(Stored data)
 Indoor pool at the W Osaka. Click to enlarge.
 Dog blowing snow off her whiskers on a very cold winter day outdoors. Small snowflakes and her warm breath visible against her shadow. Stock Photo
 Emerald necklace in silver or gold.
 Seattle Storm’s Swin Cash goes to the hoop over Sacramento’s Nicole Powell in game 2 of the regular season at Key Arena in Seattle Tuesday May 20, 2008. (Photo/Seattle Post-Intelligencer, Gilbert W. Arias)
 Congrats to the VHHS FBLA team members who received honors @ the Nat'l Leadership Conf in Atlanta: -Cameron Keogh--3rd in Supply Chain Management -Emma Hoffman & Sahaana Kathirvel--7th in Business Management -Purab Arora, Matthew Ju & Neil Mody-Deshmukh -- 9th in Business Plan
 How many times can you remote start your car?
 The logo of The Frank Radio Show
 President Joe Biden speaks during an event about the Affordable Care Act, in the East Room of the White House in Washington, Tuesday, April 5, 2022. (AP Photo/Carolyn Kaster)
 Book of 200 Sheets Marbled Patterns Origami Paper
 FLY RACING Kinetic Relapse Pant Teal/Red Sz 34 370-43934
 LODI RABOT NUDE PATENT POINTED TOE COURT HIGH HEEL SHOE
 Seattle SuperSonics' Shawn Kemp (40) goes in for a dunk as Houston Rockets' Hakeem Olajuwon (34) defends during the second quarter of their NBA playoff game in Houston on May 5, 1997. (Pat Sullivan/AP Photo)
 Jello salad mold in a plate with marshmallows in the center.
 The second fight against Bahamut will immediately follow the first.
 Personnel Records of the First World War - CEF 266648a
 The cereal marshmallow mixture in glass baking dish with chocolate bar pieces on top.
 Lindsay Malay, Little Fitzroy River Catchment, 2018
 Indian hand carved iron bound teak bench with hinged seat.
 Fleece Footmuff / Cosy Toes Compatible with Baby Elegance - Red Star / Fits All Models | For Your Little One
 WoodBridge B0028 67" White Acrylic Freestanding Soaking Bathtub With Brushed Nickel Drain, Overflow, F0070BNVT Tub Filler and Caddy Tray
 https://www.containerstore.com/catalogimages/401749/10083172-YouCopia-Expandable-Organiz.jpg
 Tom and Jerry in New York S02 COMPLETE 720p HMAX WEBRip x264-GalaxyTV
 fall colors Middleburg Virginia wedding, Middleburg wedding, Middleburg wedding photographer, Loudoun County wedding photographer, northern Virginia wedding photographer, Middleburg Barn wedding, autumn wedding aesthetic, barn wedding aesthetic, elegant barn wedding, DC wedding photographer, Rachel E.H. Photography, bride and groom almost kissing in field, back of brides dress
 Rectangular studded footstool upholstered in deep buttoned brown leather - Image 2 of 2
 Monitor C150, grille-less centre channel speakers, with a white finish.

What this task involves:
Retype the records above in full. Every word should match.

Response:
 Indoor pool at the W Osaka. Click to enlarge.
 Dog blowing snow off her whiskers on a very cold winter day outdoors. Small snowflakes and her warm breath visible against her shadow. Stock Photo
 Emerald necklace in silver or gold.
 Seattle Storm’s Swin Cash goes to the hoop over Sacramento’s Nicole Powell in game 2 of the regular season at Key Arena in Seattle Tuesday May 20, 2008. (Photo/Seattle Post-Intelligencer, Gilbert W. Arias)
 Congrats to the VHHS FBLA team members who received honors @ the Nat'l Leadership Conf in Atlanta: -Cameron Keogh--3rd in Supply Chain Management -Emma Hoffman & Sahaana Kathirvel--7th in Business Management -Purab Arora, Matthew Ju & Neil Mody-Deshmukh -- 9th in Business Plan
 How many times can you remote start your car?
 The logo of The Frank Radio Show
 President Joe Biden speaks during an event about the Affordable Care Act, in the East Room of the White House in Washington, Tuesday, April 5, 2022. (AP Photo/Carolyn Kaster)
 Book of 200 Sheets Marbled Patterns Origami Paper
 FLY RACING Kinetic Relapse Pant Teal/Red Sz 34 370-43934
 LODI RABOT NUDE PATENT POINTED TOE COURT HIGH HEEL SHOE
 Seattle SuperSonics' Shawn Kemp (40) goes in for a dunk as Houston Rockets' Hakeem Olajuwon (34) defends during the second quarter of their NBA playoff game in Houston on May 5, 1997. (Pat Sullivan/AP Photo)
 Jello salad mold in a plate with marshmallows in the center.
 The second fight against Bahamut will immediately follow the first.
 Personnel Records of the First World War - CEF 266648a
 The cereal marshmallow mixture in glass baking dish with chocolate bar pieces on top.
 Lindsay Malay, Little Fitzroy River Catchment, 2018
 Indian hand carved iron bound teak bench with hinged seat.
 Fleece Footmuff / Cosy Toes Compatible with Baby Elegance - Red Star / Fits All Models | For Your Little One
 WoodBridge B0028 67" White Acrylic Freestanding Soaking Bathtub With Brushed Nickel Drain, Overflow, F0070BNVT Tub Filler and Caddy Tray
 https://www.containerstore.com/catalogimages/401749/10083172-YouCopia-Expandable-Organiz.jpg
 Tom and Jerry in New York S02 COMPLETE 720p HMAX WEBRip x264-GalaxyTV
 fall colors Middleburg Virginia wedding, Middleburg wedding, Middleburg wedding photographer, Loudoun County wedding photographer, northern Virginia wedding photographer, Middleburg Barn wedding, autumn wedding aesthetic, barn wedding aesthetic, elegant barn wedding, DC wedding photographer, Rachel E.H. Photography, bride and groom almost kissing in field, back of brides dress
 Rectangular studded footstool upholstered in deep buttoned brown leather - Image 2 of 2
 Monitor C150, grille-less centre channel speakers, with a white finish.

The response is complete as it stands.